### Data under study
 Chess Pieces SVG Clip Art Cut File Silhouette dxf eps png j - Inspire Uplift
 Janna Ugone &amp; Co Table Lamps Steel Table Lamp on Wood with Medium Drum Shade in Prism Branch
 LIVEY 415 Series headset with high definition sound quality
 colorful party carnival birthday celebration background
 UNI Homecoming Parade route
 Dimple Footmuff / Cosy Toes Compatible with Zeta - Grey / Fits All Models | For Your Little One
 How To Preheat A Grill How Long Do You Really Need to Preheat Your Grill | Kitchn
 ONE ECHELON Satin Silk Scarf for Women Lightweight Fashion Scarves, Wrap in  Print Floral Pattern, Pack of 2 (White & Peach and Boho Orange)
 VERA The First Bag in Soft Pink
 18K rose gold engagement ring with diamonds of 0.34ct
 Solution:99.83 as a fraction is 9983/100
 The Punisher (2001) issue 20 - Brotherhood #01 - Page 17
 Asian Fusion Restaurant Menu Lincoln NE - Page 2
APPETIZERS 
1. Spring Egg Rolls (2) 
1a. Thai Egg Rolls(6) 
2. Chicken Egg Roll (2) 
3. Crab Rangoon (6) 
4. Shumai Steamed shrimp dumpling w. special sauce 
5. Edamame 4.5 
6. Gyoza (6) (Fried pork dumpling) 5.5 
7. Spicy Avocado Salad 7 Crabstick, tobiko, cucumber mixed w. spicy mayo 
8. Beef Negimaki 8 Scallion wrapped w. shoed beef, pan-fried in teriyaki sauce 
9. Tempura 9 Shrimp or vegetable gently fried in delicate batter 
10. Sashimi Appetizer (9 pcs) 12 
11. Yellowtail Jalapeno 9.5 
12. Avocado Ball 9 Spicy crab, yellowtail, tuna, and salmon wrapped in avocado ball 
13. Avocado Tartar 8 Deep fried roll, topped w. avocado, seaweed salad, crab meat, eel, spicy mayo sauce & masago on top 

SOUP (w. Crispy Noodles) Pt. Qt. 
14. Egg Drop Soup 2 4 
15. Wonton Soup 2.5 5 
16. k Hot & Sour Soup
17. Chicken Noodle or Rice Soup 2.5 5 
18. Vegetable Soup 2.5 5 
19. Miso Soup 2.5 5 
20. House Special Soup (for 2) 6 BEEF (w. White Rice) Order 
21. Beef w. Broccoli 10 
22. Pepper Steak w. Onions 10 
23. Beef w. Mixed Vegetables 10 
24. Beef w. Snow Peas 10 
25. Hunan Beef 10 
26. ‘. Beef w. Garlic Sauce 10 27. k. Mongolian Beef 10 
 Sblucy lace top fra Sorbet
######
Requirement.
Print out every record, character for character.

Response box.
 Chess Pieces SVG Clip Art Cut File Silhouette dxf eps png j - Inspire Uplift
 Janna Ugone &amp; Co Table Lamps Steel Table Lamp on Wood with Medium Drum Shade in Prism Branch
 LIVEY 415 Series headset with high definition sound quality
 colorful party carnival birthday celebration background
 UNI Homecoming Parade route
 Dimple Footmuff / Cosy Toes Compatible with Zeta - Grey / Fits All Models | For Your Little One
 How To Preheat A Grill How Long Do You Really Need to Preheat Your Grill | Kitchn
 ONE ECHELON Satin Silk Scarf for Women Lightweight Fashion Scarves, Wrap in  Print Floral Pattern, Pack of 2 (White & Peach and Boho Orange)
 VERA The First Bag in Soft Pink
 18K rose gold engagement ring with diamonds of 0.34ct
 Solution:99.83 as a fraction is 9983/100
 The Punisher (2001) issue 20 - Brotherhood #01 - Page 17
 Asian Fusion Restaurant Menu Lincoln NE - Page 2
APPETIZERS 
1. Spring Egg Rolls (2) 
1a. Thai Egg Rolls(6) 
2. Chicken Egg Roll (2) 
3. Crab Rangoon (6) 
4. Shumai Steamed shrimp dumpling w. special sauce 
5. Edamame 4.5 
6. Gyoza (6) (Fried pork dumpling) 5.5 
7. Spicy Avocado Salad 7 Crabstick, tobiko, cucumber mixed w. spicy mayo 
8. Beef Negimaki 8 Scallion wrapped w. shoed beef, pan-fried in teriyaki sauce 
9. Tempura 9 Shrimp or vegetable gently fried in delicate batter 
10. Sashimi Appetizer (9 pcs) 12 
11. Yellowtail Jalapeno 9.5 
12. Avocado Ball 9 Spicy crab, yellowtail, tuna, and salmon wrapped in avocado ball 
13. Avocado Tartar 8 Deep fried roll, topped w. avocado, seaweed salad, crab meat, eel, spicy mayo sauce & masago on top 

SOUP (w. Crispy Noodles) Pt. Qt. 
14. Egg Drop Soup 2 4 
15. Wonton Soup 2.5 5 
16. k Hot & Sour Soup
17. Chicken Noodle or Rice Soup 2.5 5 
18. Vegetable Soup 2.5 5 
19. Miso Soup 2.5 5 
20. House Special Soup (for 2) 6 BEEF (w. White Rice) Order 
21. Beef w. Broccoli 10 
22. Pepper Steak w. Onions 10 
23. Beef w. Mixed Vegetables 10 
24. Beef w. Snow Peas 10 
25. Hunan Beef 10 
26. ‘. Beef w. Garlic Sauce 10 27. k. Mongolian Beef 10 
 Sblucy lace top fra Sorbet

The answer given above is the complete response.